Todavía no lo conocía personalmente.

Ajá.

Disculpe mi indiscreción, pero he visto sus bolsas de resi­duos...

¿Mis qué?

Sus residuos.

Ah.

Noté que nunca es mucho. Su familia debe ser chica...

La verdad, soy yo solo.

Hmmm. Vi también que usa mucha comida en lata.

Es que tengo que hacerme la comida. Y como no sé cocinar...

Entiendo.

Usted también...

Tratáme de vos.

Vos también perdoná mi indiscreción, pero vi algunos restos de comida en tus bolsas. Champiñones, cosas por el estilo...

Es que me gusta mucho cocinar. Hacer platos diferentes. Pero como vivo sola, a veces sobra...

¿Usted... vos no tenés familia?

Tengo, pero no aquí.

En Espíritu Santo.

¿Cómo sabés?

Vi unos sobres en la basura. De Espíritu Santo.

Sí. Mamá escribe todas las semanas.

¿Ella es maestra?

¡Qué increíble! ¿Cómo fue que adivinaste?

Por la letra en el sobre. Me pareció letra de maestra.

Usted no recibe muchas cartas. A juzgar por sus residuos...

Y... no.

El otro día tenía un telegrama abollado.

Sí.

¿Malas noticias?

Mi padre. Murió.

Lo siento mucho.

Ya estaba muy viejito. Allá en el Sur. Hace tiempo que no nos veíamos.

¿Fue por eso que volviste a fumar?

¿Cómo sabés?

De un día para otro empezaron a aparecer en tu basura eti­quetas de cigarrillos.

Es cierto. Pero conseguí dejar otra vez.

Yo, gracias a Dios, nunca fumé.

Ya sé. Pero he visto frasquitos de pastillas en tu basura.

Tranquilizantes. Fue una etapa. Ya pasó.

¿Te peleaste con tu novio, no es cierto?

¿Eso también lo descubriste en la basura?

Primero el ramo de flores con la tarjeta, arrojado afuera. Des­pués, muchos pañuelos de papel.

Sí, lloré bastante, pero ya pasó.

Pero hoy todavía veo unos pañuelitos...

Es que estoy un poco resfriada.

Ah.

Muchas veces veo revistas de palabras cruzadas en tus bol­sas.

Sí..., es que... me quedo mucho en casa. No salgo mucho, sabés.

¿Novia?

No.

Pero hace algunos días había una foto de una mujer en tus bolsas. Y muy bonita.

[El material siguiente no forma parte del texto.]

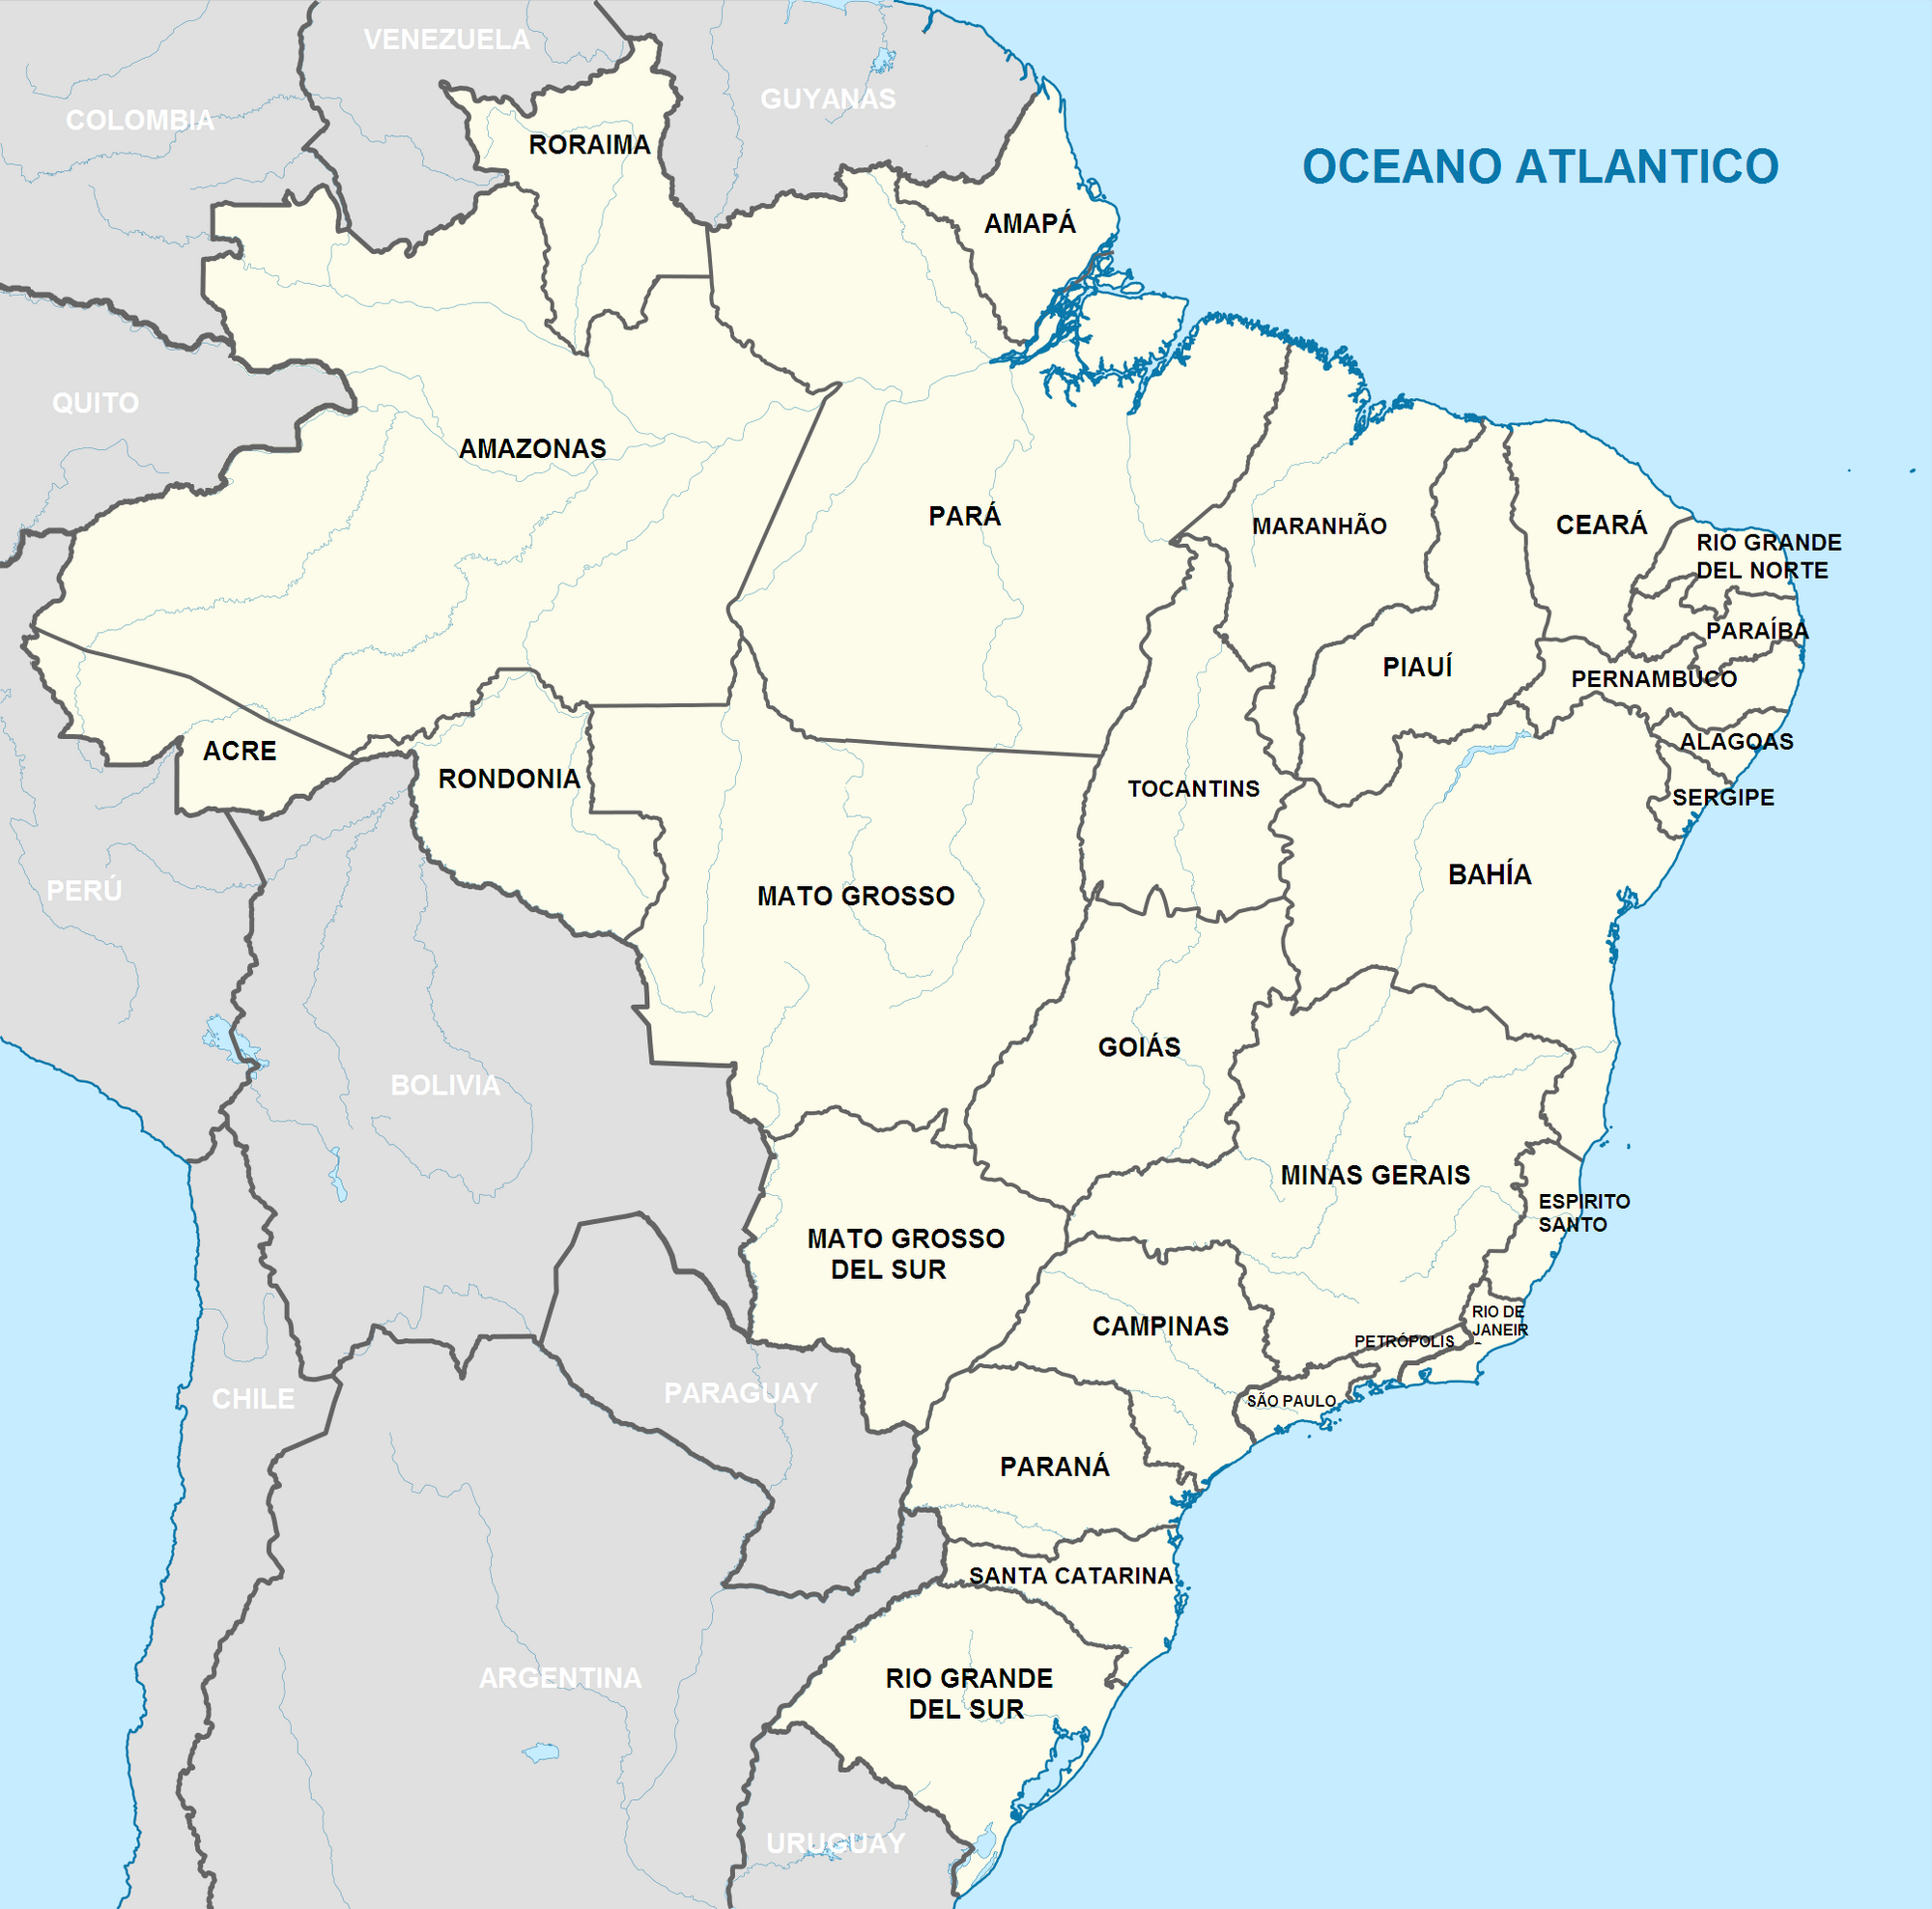 Штат Минас-Жерайс Бразилия на карте. Минас-Жерайс Бразилия на карте. Алаодоас штат Бразилии. Минажирайз штат Бразилии. Штат в бразилии 5
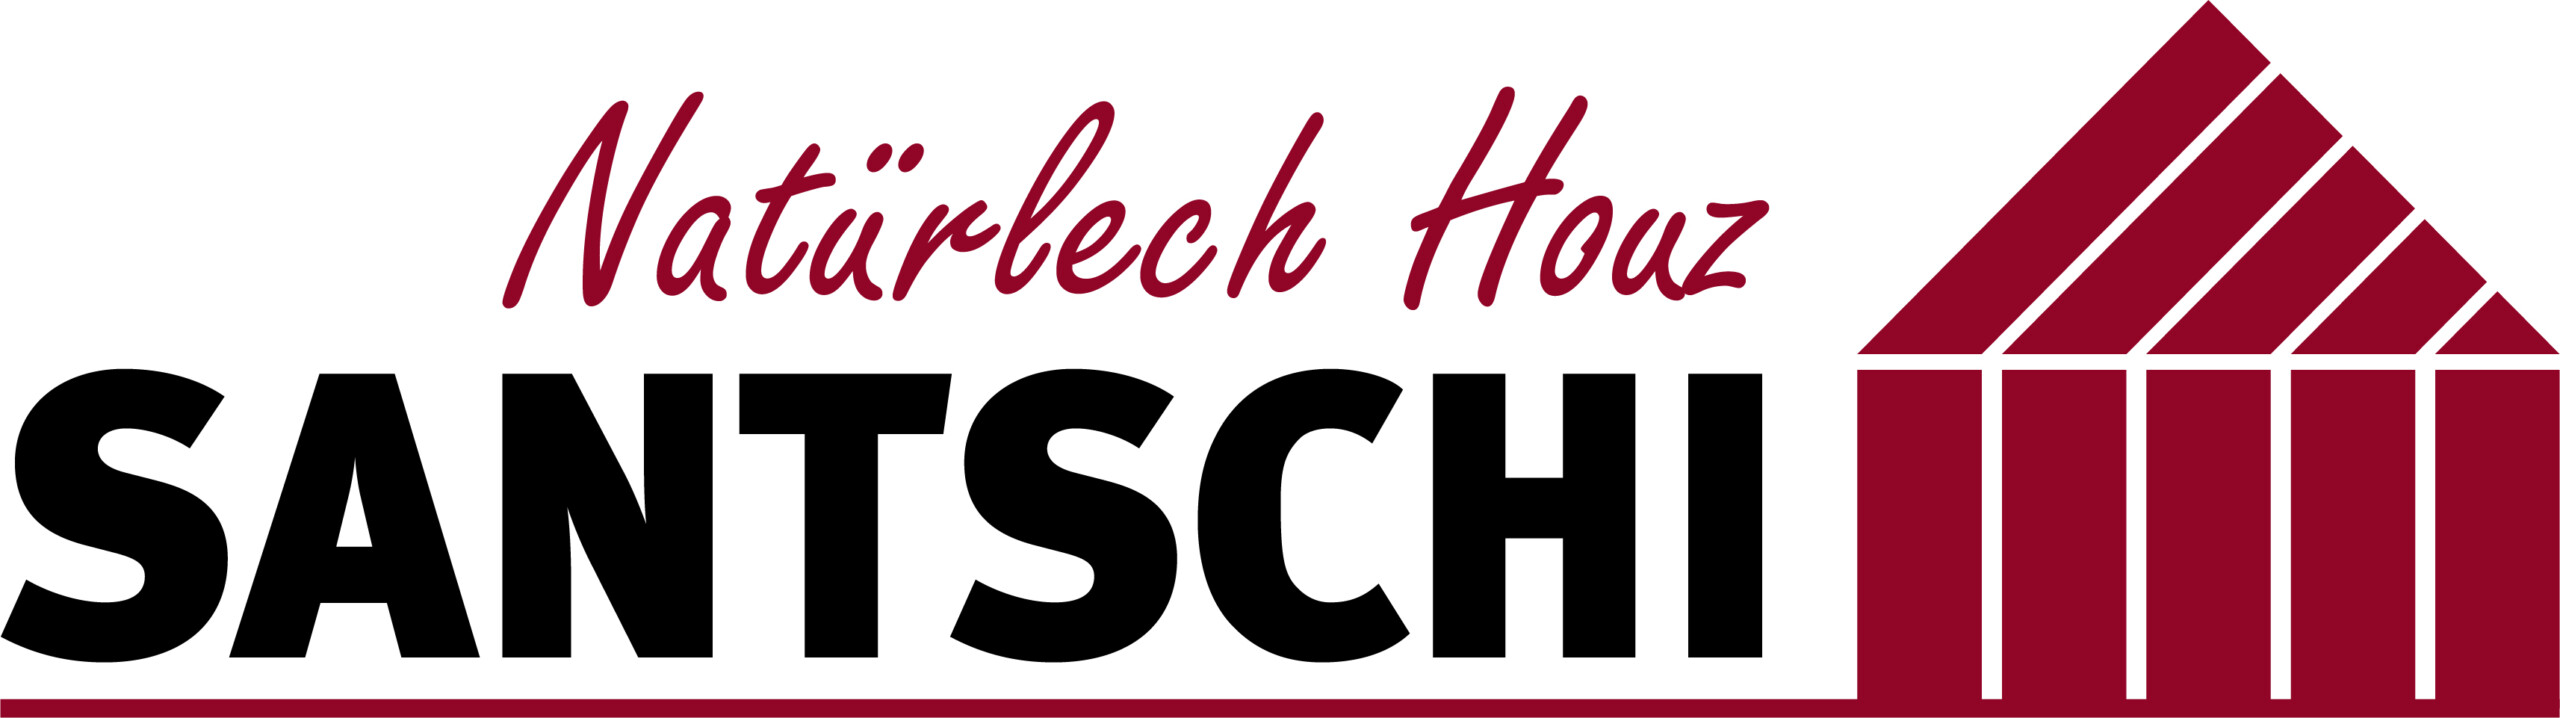 Santschi Holzbau Logo
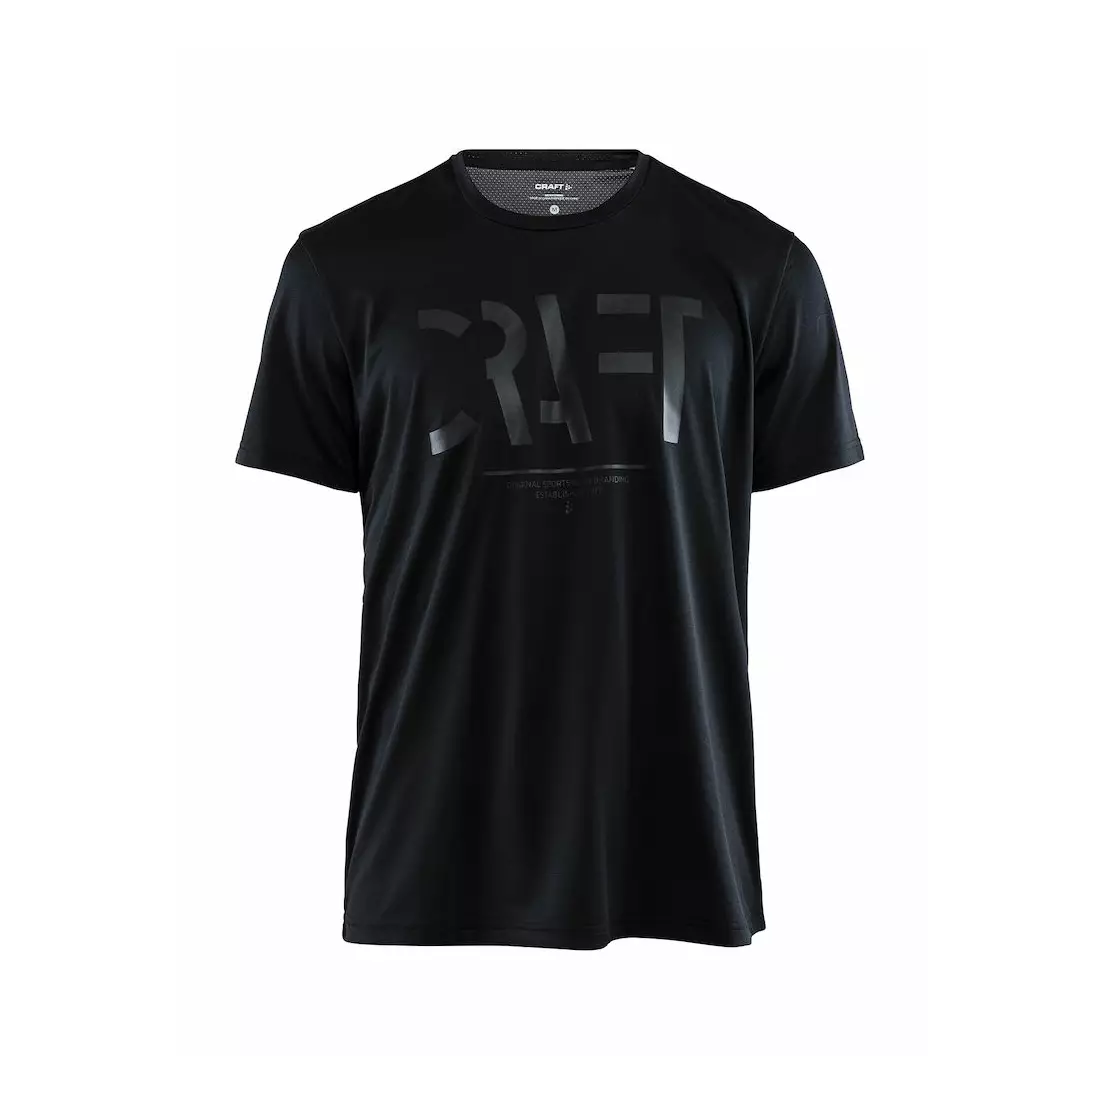 CRAFT EAZE MESH férfi sport / futó póló, fekete 1907018-999000
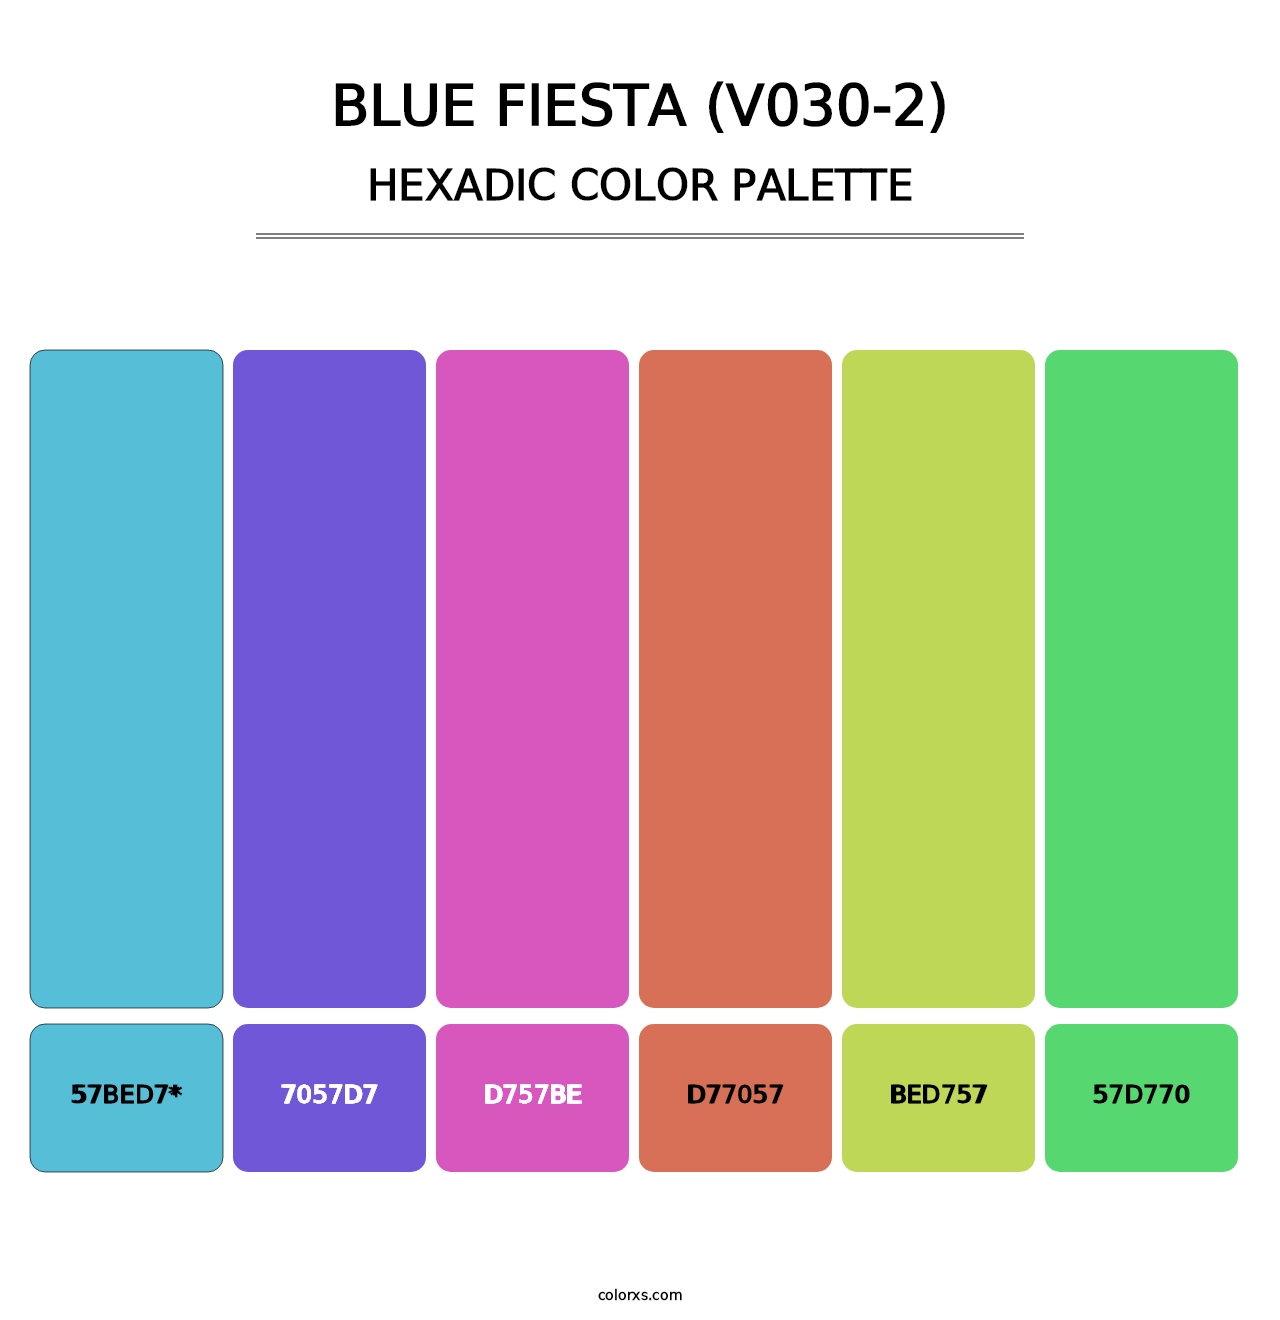 Blue Fiesta (V030-2) - Hexadic Color Palette

Estuve limpiando unos cajones. Cosas viejas.

Pero no rompiste la foto. Eso significa que, en el fondo, querés que ella vuelva.

¡Vos ya estás analizando mis residuos!

No puedo negar que me interesaron.

Qué gracioso. Cuando examiné tus bolsas, pensé que me gustaría conocerte. Creo que fue por la poesía.

¡No! ¿Vos viste mis poemas?

Los vi y me gustaron mucho.

¡Pero son malísimos!

Si realmente creyeras que son malos, los habrías roto. Sola­mente estaban doblados.

Si hubiera sabido que los ibas a leer...

No me los quedé porque, a fin de cuentas, estaría robando. A ver, no sé; ¿lo que alguien tira a la basura, sigue siendo de su propiedad?

Creo que no, la basura es de dominio público.

Tenes razón. A través de la basura, lo particular se hace públi­co. Lo que sobra de nuestra vida privada se integra con las sobras de los otros. Es comunitario, es nuestra parte más social. ¿Será así?

Bueno, ya estás profundizando demasiado en el tema de la basura. Creo que...

Ayer, en tus residuos...

¿Qué?

¿Me equivoco o eran cáscaras de camarones?

Acertaste. Compré unos camarones grandes y los pelé.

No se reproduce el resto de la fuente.